The study successfully demonstrated the first in vivo three-dimensional human retinal imaging using chip-based OCT with AWGs. Two AWG designs were characterized: AWG 1 (22 nm bandwidth) achieved a sensitivity of 91 dB with 830 µW on the sample and an axial resolution of 10.7 µm; AWG 2 (48 nm bandwidth) achieved a sensitivity of 90 dB with 480 µW on the sample and an axial resolution of 6.5 µm. The mean transmission over 33 measured channels was -15.51 dB for AWG 1 and -11.64 dB for AWG 2. The 6-dB roll-off depth was approximately 625 µm for AWG 1 and 380 µm for AWG 2. In vivo retinal tomograms were successfully acquired using both AWG designs, demonstrating the feasibility of this technology for clinical applications. The measured sensitivity, axial resolution and imaging depths for both AWG designs are comparable to the results acquired with a commercial SD-OCT system, supporting the potential of this approach for clinical translation.

The successful in vivo retinal imaging using AWG-based OCT demonstrates a significant advancement towards compact, cost-effective, and robust ophthalmic imaging systems. The achieved sensitivities and resolutions are comparable to commercially available SD-OCT systems, highlighting the clinical potential of this technology. The CMOS compatibility of the fabrication process enables future integration of dedicated photodiodes and electronics, leading to fully integrated chip-based OCT systems. The miniaturization and improved robustness offered by this approach could facilitate the development of point-of-care diagnostic tools for retinal imaging, increasing accessibility and affordability of this crucial technology. While the current study focuses on retinal imaging, the underlying technology is adaptable to other areas needing miniaturized OCT systems. Future research should focus on integrating the light source and further enhancing the sensitivity and imaging speed to improve the quality and efficiency of the OCT imaging. The use of this technology may help reduce costs and increase availability in various clinical settings.

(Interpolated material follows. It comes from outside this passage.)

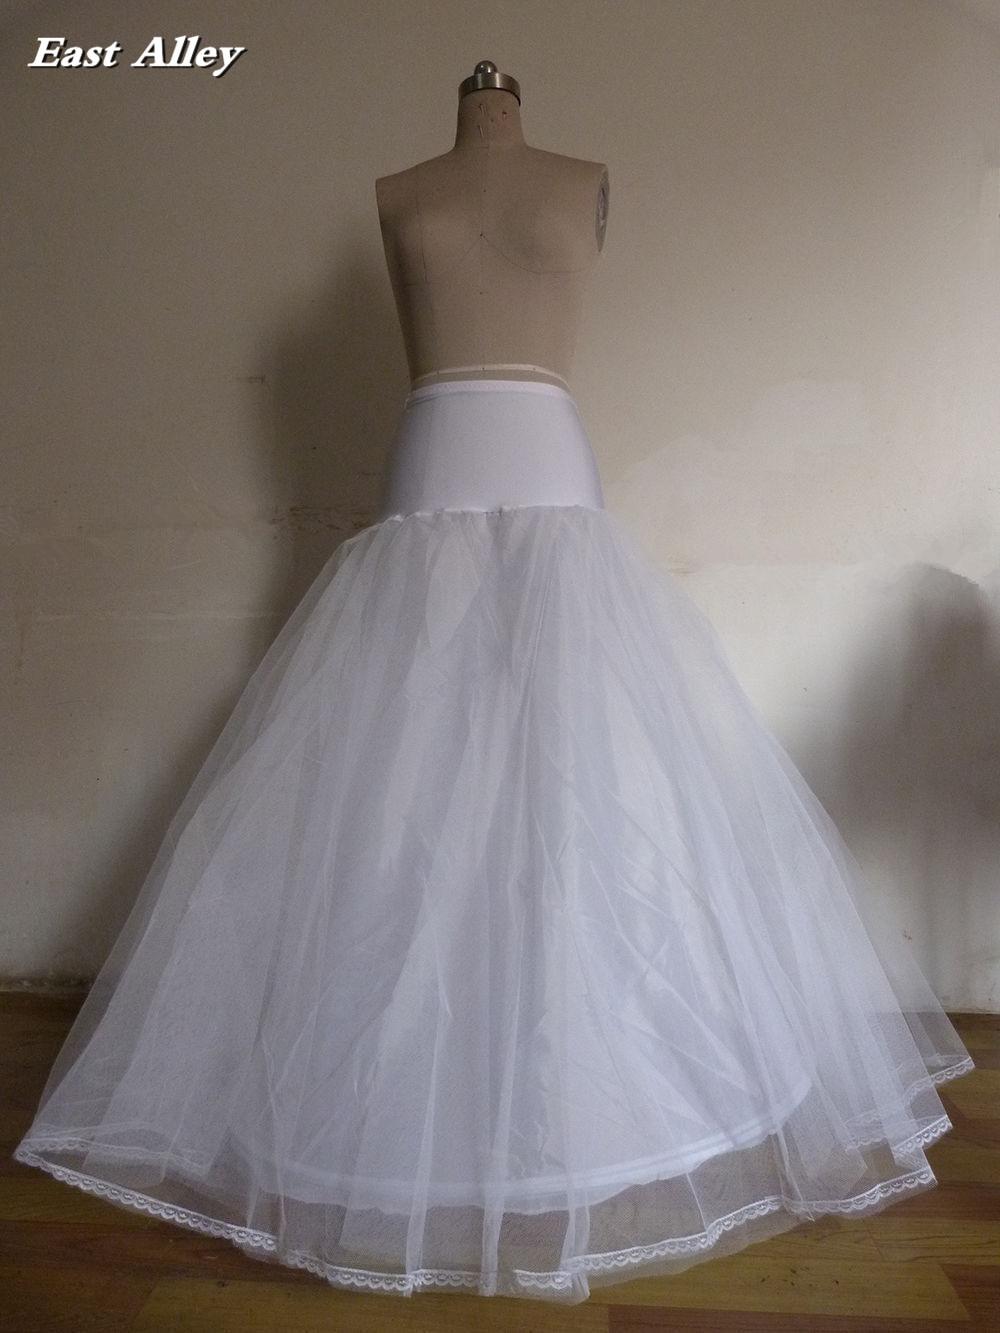 White / Ivory Plus Size Lycra 1 Hoop 2 Layer A-line Wedding Gown Petticoat Crinolines Slips Underskirt

This work successfully demonstrated the feasibility of in vivo three-dimensional human retinal imaging using a photonic integrated circuit-based arrayed waveguide grating. The achieved performance metrics (sensitivity, resolution) are comparable to existing clinical systems, indicating significant potential for miniaturized, robust, and cost-effective ophthalmic imaging. Future work will focus on integrating the light source and enhancing the sensitivity and imaging speed for broader clinical applications. This technology holds promise for increasing accessibility and affordability of OCT technology.

The study utilized only two AWG designs, and further optimization might be possible. While the in vivo results are promising, a larger clinical study is needed to validate the system's performance and reliability in a diverse patient population. Furthermore, potential limitations of the CMOS-compatible fabrication process for extremely high-resolution or high-speed applications should be considered and addressed in future iterations. The current system is limited in terms of imaging depth and the specific wavelength range and therefore additional improvements are needed to meet all requirements for a wide range of clinical applications.